Раздались сдержанные хлопки.
Несмотря на неприятно прозвучавшие слова «именующий себя доктором Линевичем», Петр Эдуардович был на седьмом небе. Он ерзал на стуле, что-то возбужденно выкрикивал, вообще вел себя крайне легкомысленно и даже непоследовательно, что ему в бытность доктором Линевичем не было свойственно. И вдруг случилось нечто очень важное и притом неприятное. Он заметил, что соседка как-то сжалась, стараясь отодвинуться подальше от него.
Кажется, только сейчас Майя полностью осознала, что этот симпатичный рыжий юноша — вовсе не юноша, а старик, который по возрасту годится ей даже не в отцы, а в дедушки. Он принял обличив молодого человека? Она была готова в это верить, хотя… В это верит, к сожалению, и заместитель ректора Курицын — или лжет, что верит, а все студенты, в том числе и Майя, знали, что Курицын — карьерист. Очень странно… и подозрительно, что он вдруг стал выкладываться в защиту непроверенного дела. Ведь с такой прямолинейностью не выступил больше никто ни из студентов, ни из преподавателей. В том числе и отец. Ну конечно, все это из-за Курицына. Никому неохота записываться в союзники к подонку. Никому? А вот как будто попросил слово Игорь Григорьевич. Да, он уже поднимается на кафедру! Под аплодисменты всех студентов и некоторых из преподавателей немолодой, с бородкой, профессор патологоанатом Кирсанов. Этот скажет!
В зале пронесся приветственный шумок, когда Кирсанов, лицом похожий на Тимирязева, взошел на кафедру, выпрямился во весь свой немалый рост и сказал без улыбки:
— Так в чем, собственно, дело? Нас уверяют, что ушедший на пенсию врач-ассистент Линевич, шестидесяти семи лет, — вот он.
Кирсанов сделал жест в сторону вставшего от волнения Линевича, и все в зале повернулись в его сторону.
— Маловероятно! — продолжал оратор, внимательно вглядевшись в стоявшего, как напоказ, Петра Эдуардовича. — Но… Если обратное развитие старческих явлений действительно открыто — в чем же дело?
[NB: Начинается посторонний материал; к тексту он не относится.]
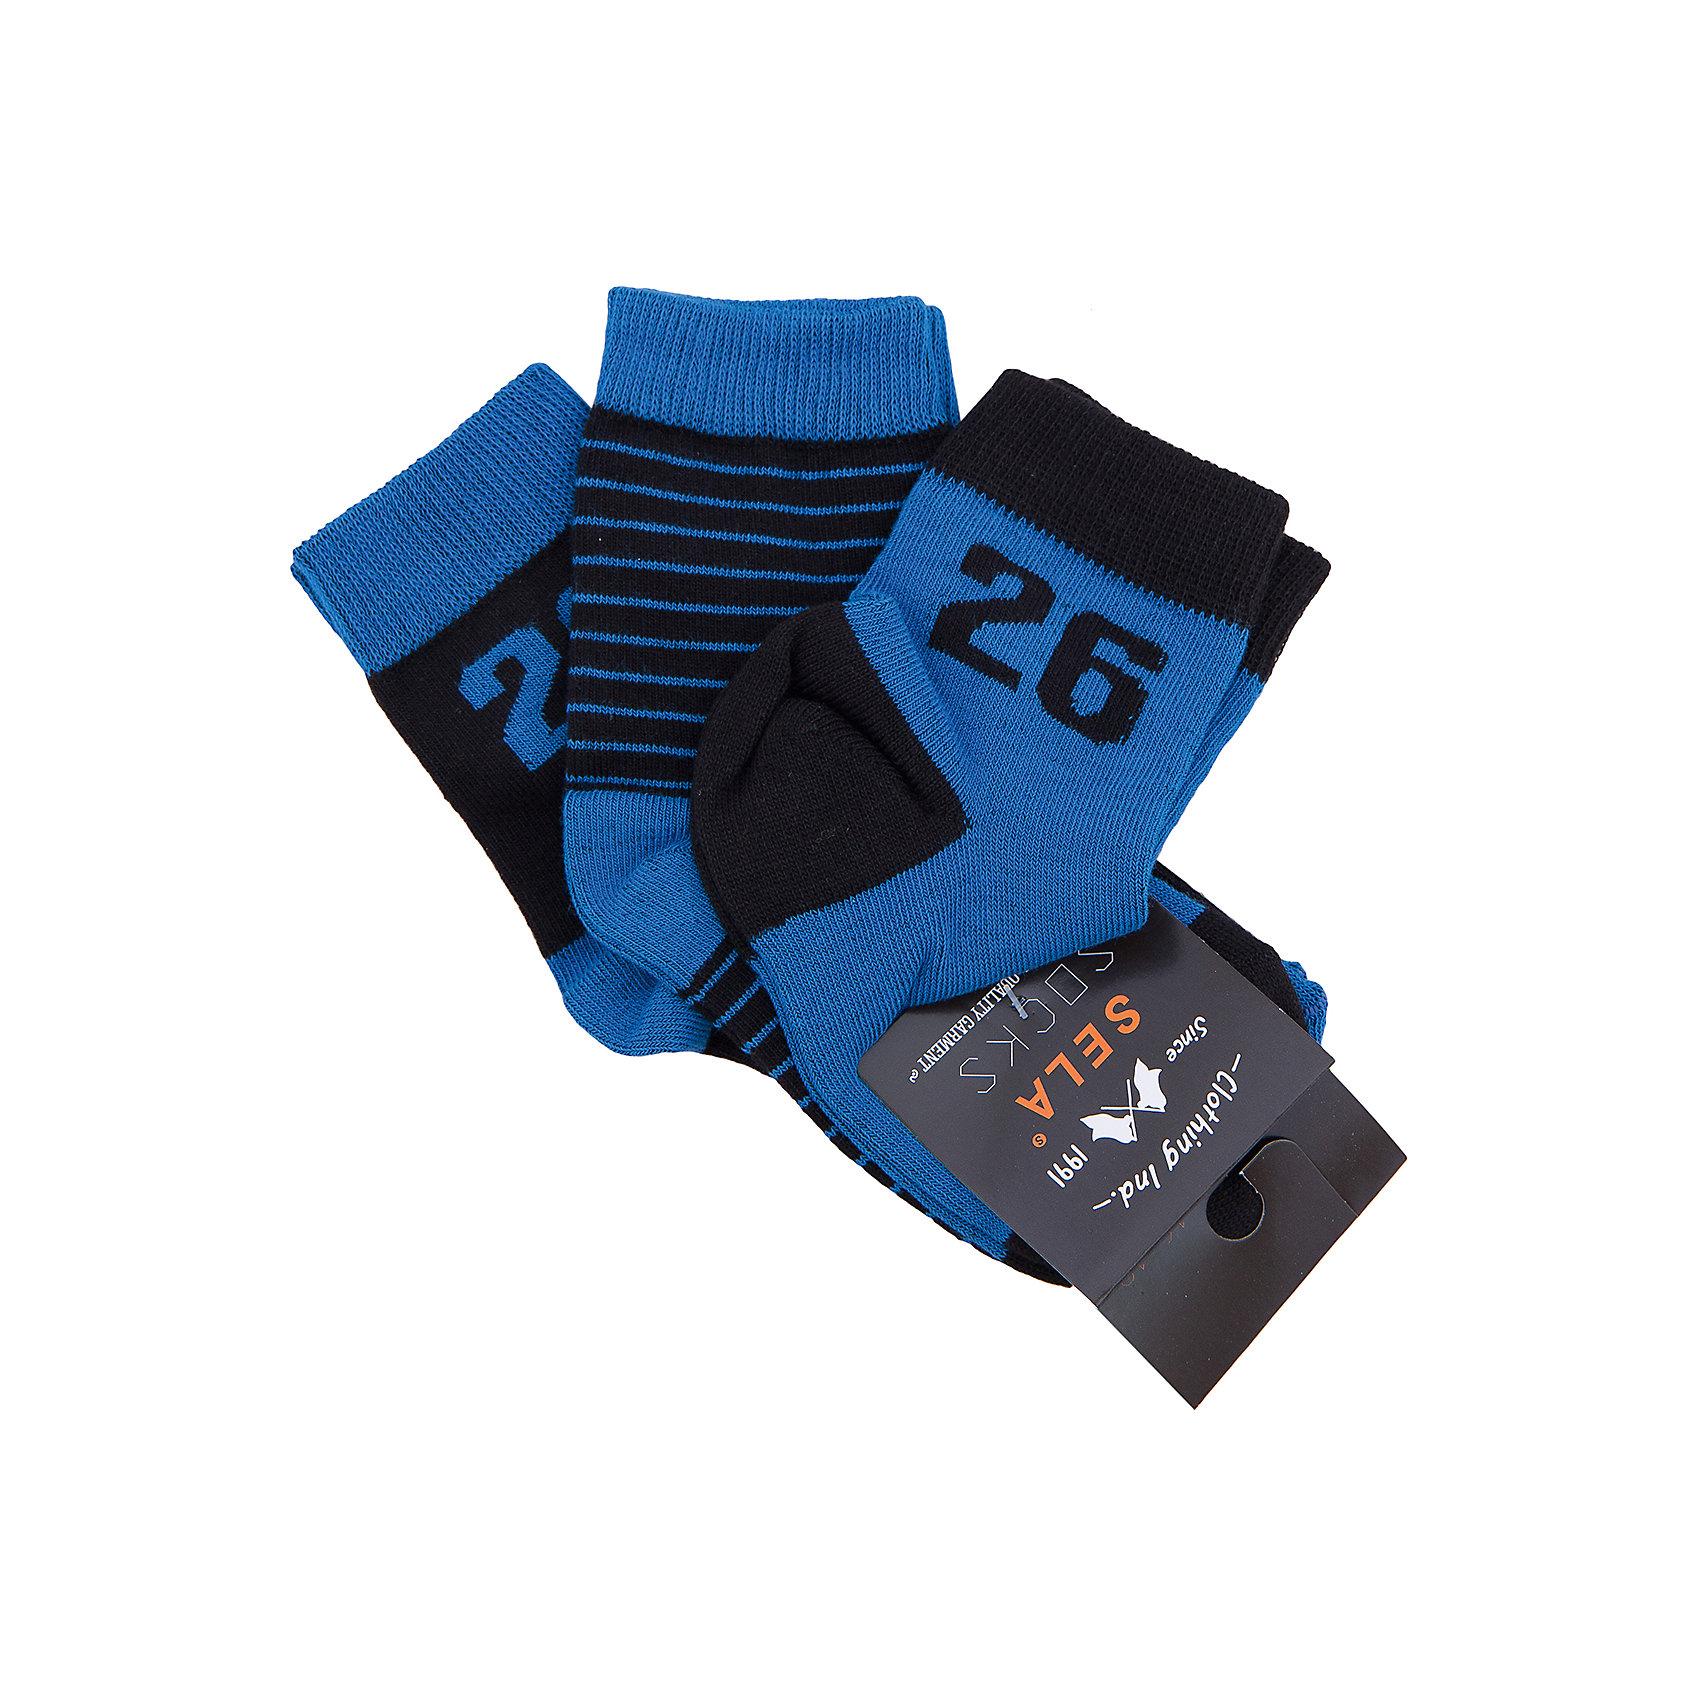 Носки  для мальчика, 3 пары SELAНоски для мальчика от известной марки SELА помогут согреть ноги ребенка. Удобный крой и качественный материал обеспечат мальчику комфорт при ношении этой вещи. <br>По верху изделия идет мягкая широкая резинка. Цвет - универсальный, очень практичный. В наборе - три пары носков различной расцветки, но в одной цветовой гамме.<br><br>Дополнительная информация:<br><br>материал: 74% хлопок, 22% ПЭ, 2% ПА, 2% эластан;<br>цвет: серый;<br>комплектация - 3 пары;<br>мягкая широкая резинка;<br>уход за изделием: стирка в машине при температуре до 30°С, не отбеливать, гладить при низкой температуре.<br><br>Носки для мальчика от бренда SELА (Села) можно купить в нашем магазине.<br><br>Ширина мм: 87<br>Глубина мм: 10<br>Высота мм: 105<br>Вес г: 115<br>Цвет: голубой<br>Возраст от месяцев: 60<br>Возраст до месяцев: 72<br>Пол: Мужской<br>Возраст: Детский<br>Размер: 20,14,16,18<br>SKU: 4740997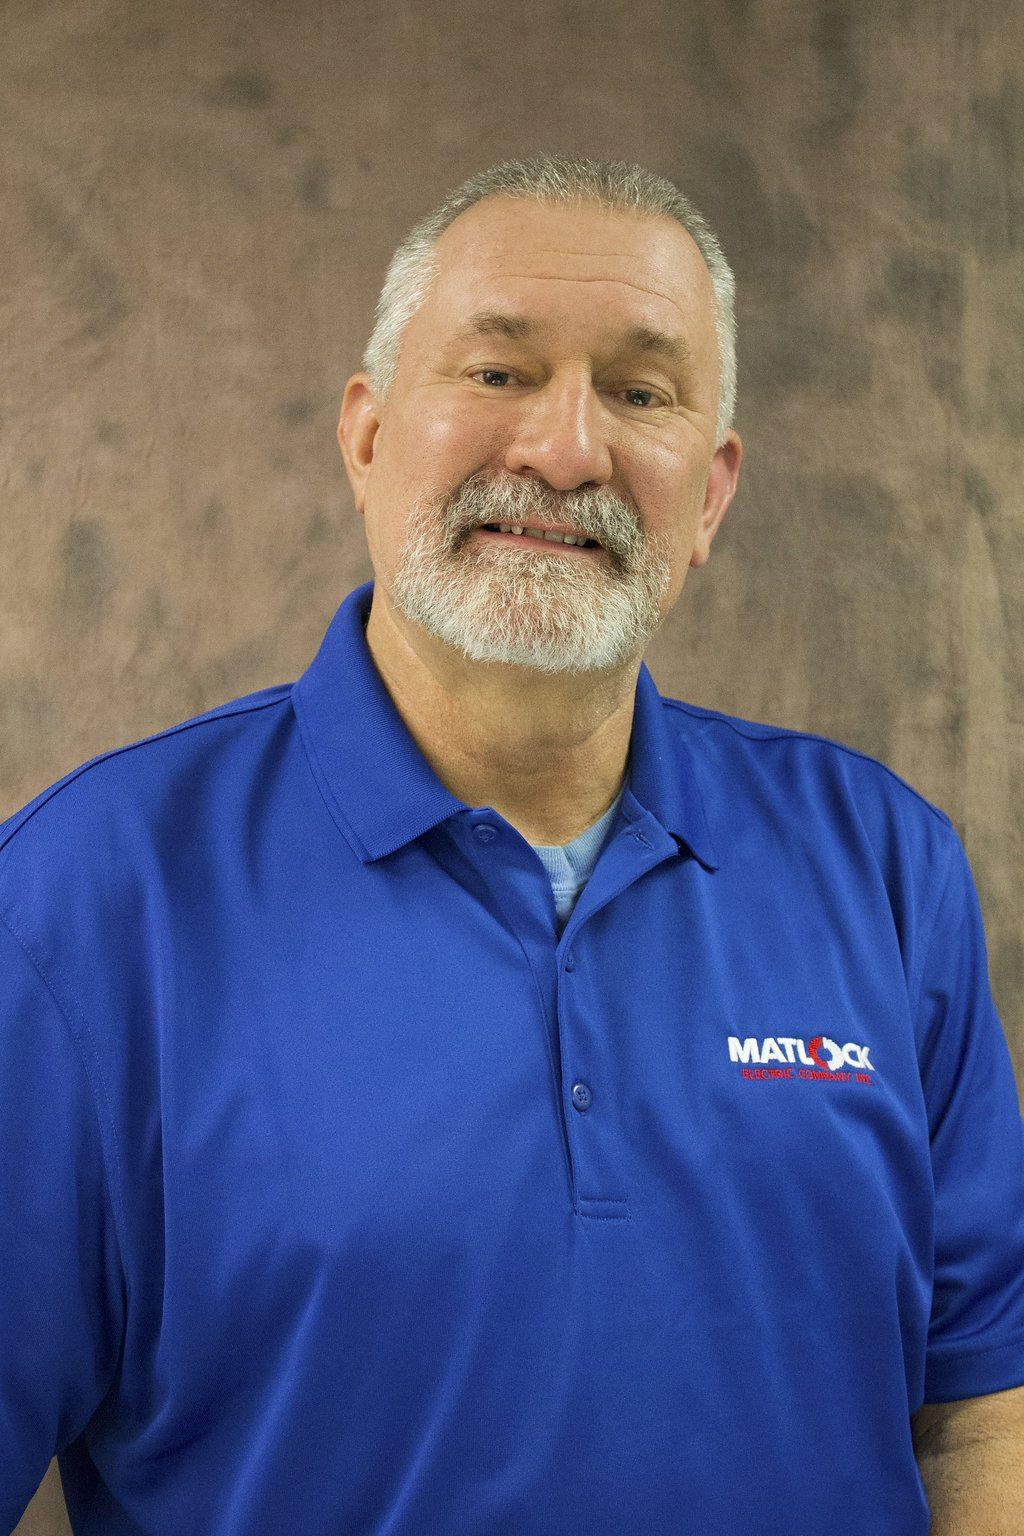 Steve Metzinger

Нам остается проверить этот метод в строго научных условиях, в одной из клиник под наблюдением профессоров-специалистов.
— А если не выйдет? — раздался чей-то взволнованный голос.
— Если не выйдет, — подхватил тотчас Кирсанов, — стало быть, чепуха. Это только о спиритизме говорили наши деды: нужны, мол, особые условия благоприятствования, тогда сила спиритизма проявится. А в науке этой мистики нет. Если метод строго научен, он не должен дать осечки!
— И не даст! — крикнул задорно Линевич.
— Теперь вопрос в том, кого же подвергнуть этому… гм… лечению? — продолжал Кирсанов ровным голосом, игнорируя восклицание Линевича. — Ловить на улице стариков мы не станем. — Он строго посмотрел на засмеявшихся слушателей. — Дело это сугубо добровольное. Многие старики и не захотят повторять всю волынку сначала. Что?
Курицын увидел, что, так сказать, инициатива как-то уходит из его рук. Собираются производить повторный опыт… А его выступление уже забыто? Нет, не выйдет!
Он вскочил и закричал:
— Кто же из пожилых людей откажется вернуться к молодости, чтобы еще энергичнее участвовать в строительстве нашего общества?! Профессор Кирсанов проявляет неверие в инициативу масс!
Кирсанов, не оборачиваясь в сторону возбужденно машущего руками Курицына, отчетливо сказал:
— Правильно замечено. Вот я и предлагаю профессору Курицыну добровольно подвергнуться терапии омоложения!
В зале грохнул хохот. Курицын ошеломленно замолчал, потом обиженно крикнул:
— Мне вовсе незачем омоложаться! Я не старик!
— Но и не юноша, — спокойно возразил Кирсанов. — В ваши пятьдесят четыре года…
— Пятьдесят три! — крикнул разозленный Курицын.
— Ну, и в пятьдесят три организм достаточно изношен и требует омоложения. Тем более если человек собирается взвалить себе на плечи ректорские обязанности, — добавил оратор, и тотчас возникло то, что в стенограммах именуется «оживлением в зале».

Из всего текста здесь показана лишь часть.